Task goal:
Your copy should begin with the line containing "Press Release Seventh", end with the line containing "Hanna Verhees Blog Website design", match the listing below exactly, and contain no pictures.

Given records:
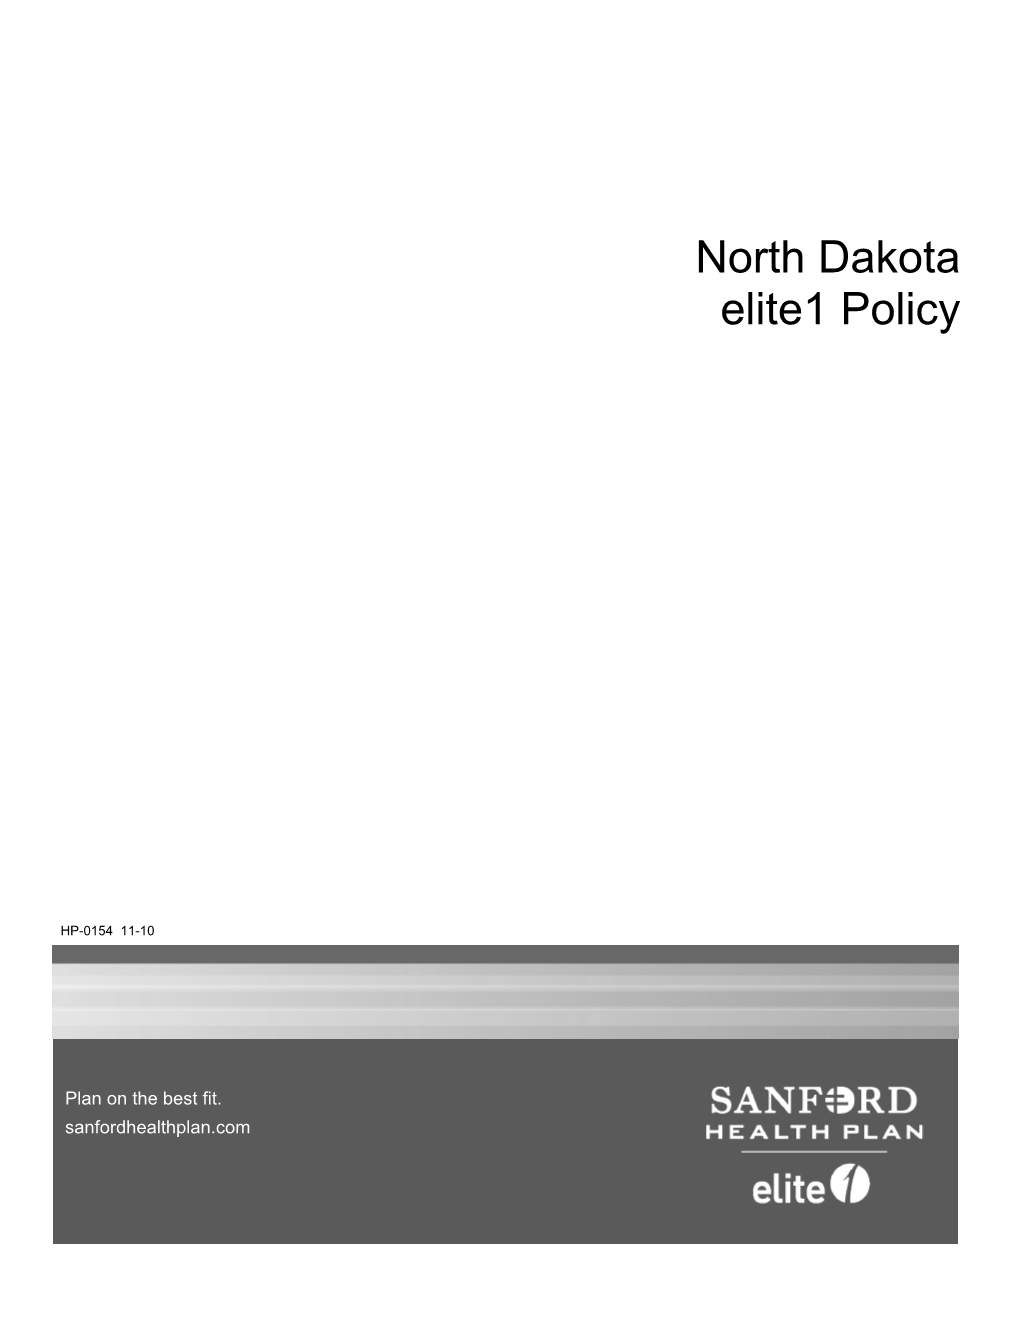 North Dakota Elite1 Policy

---

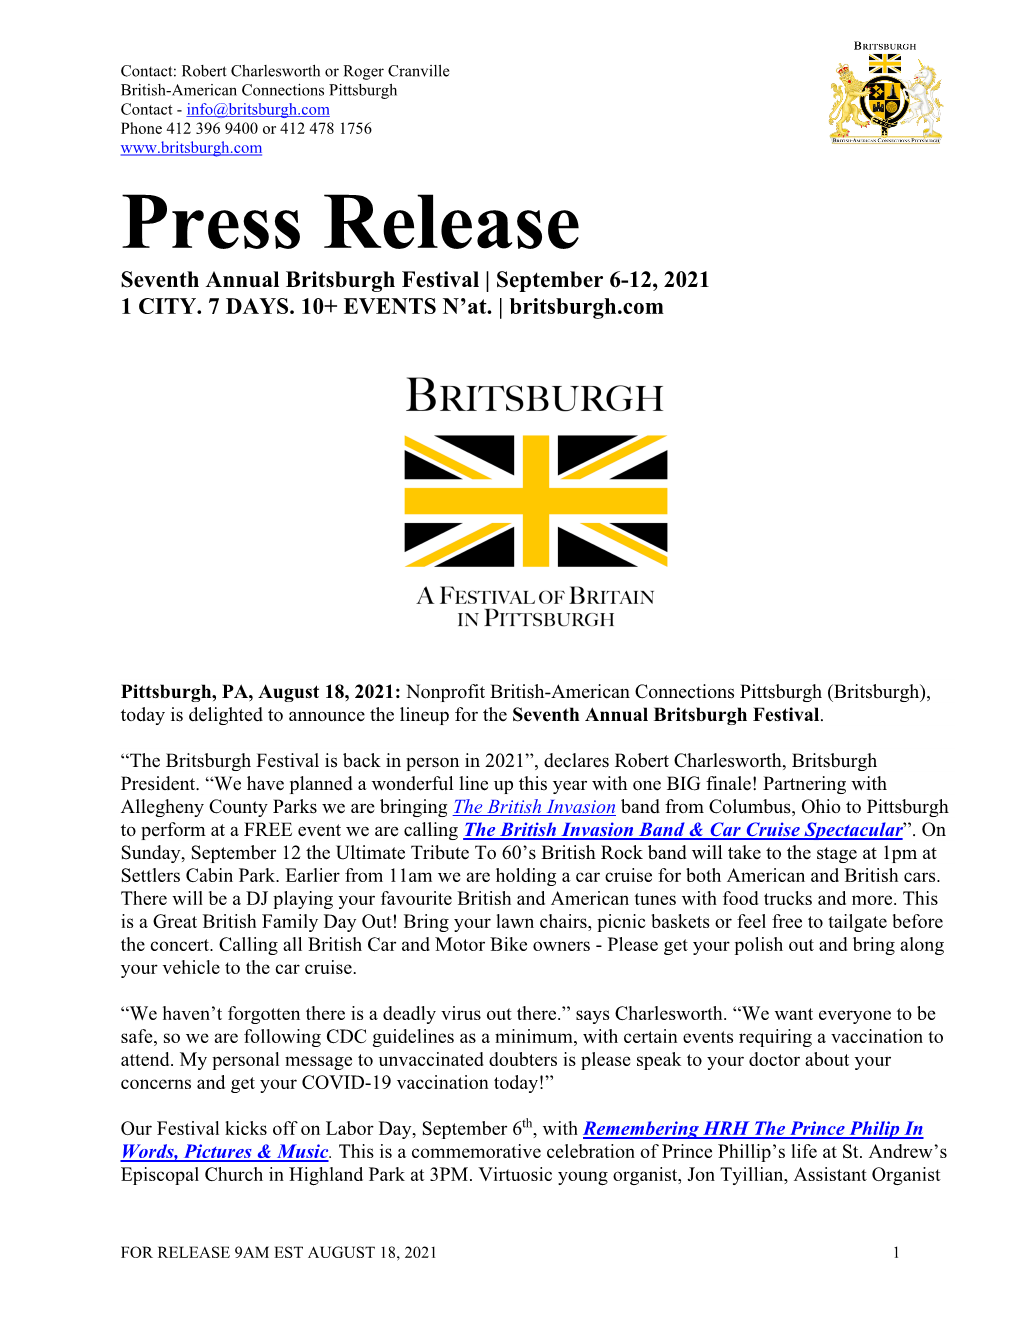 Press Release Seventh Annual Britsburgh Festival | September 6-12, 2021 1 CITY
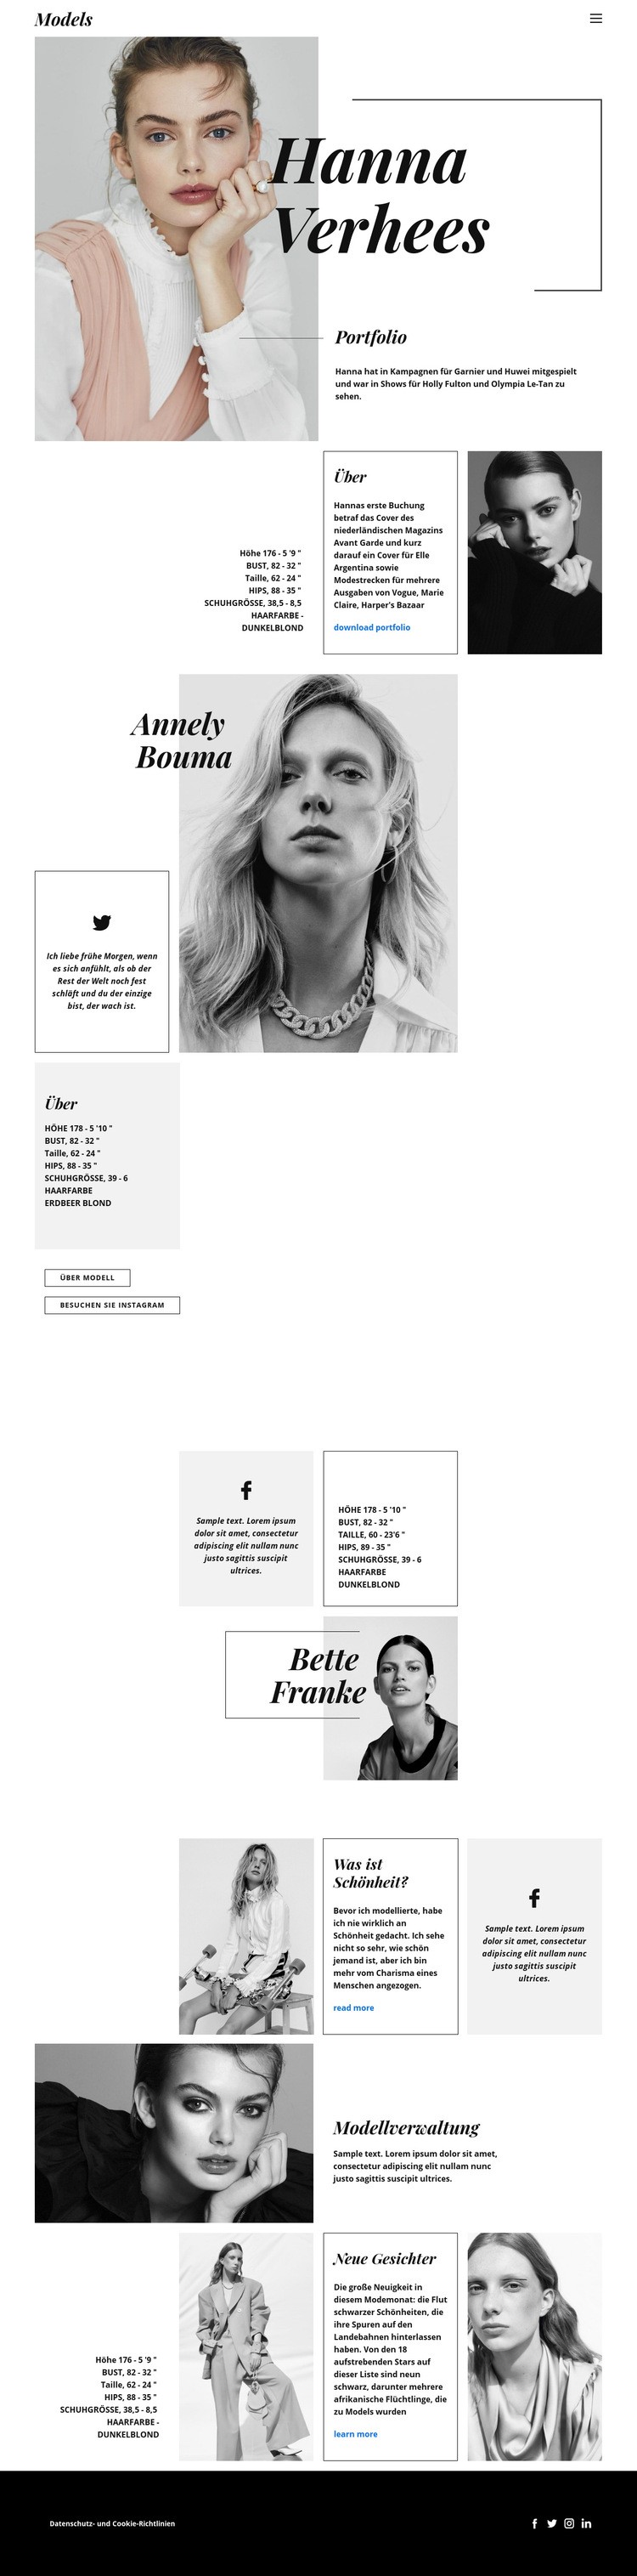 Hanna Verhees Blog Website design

Response to the task:
 Press Release Seventh Annual Britsburgh Festival | September 6-12, 2021 1 CITY
 Hanna Verhees Blog Website design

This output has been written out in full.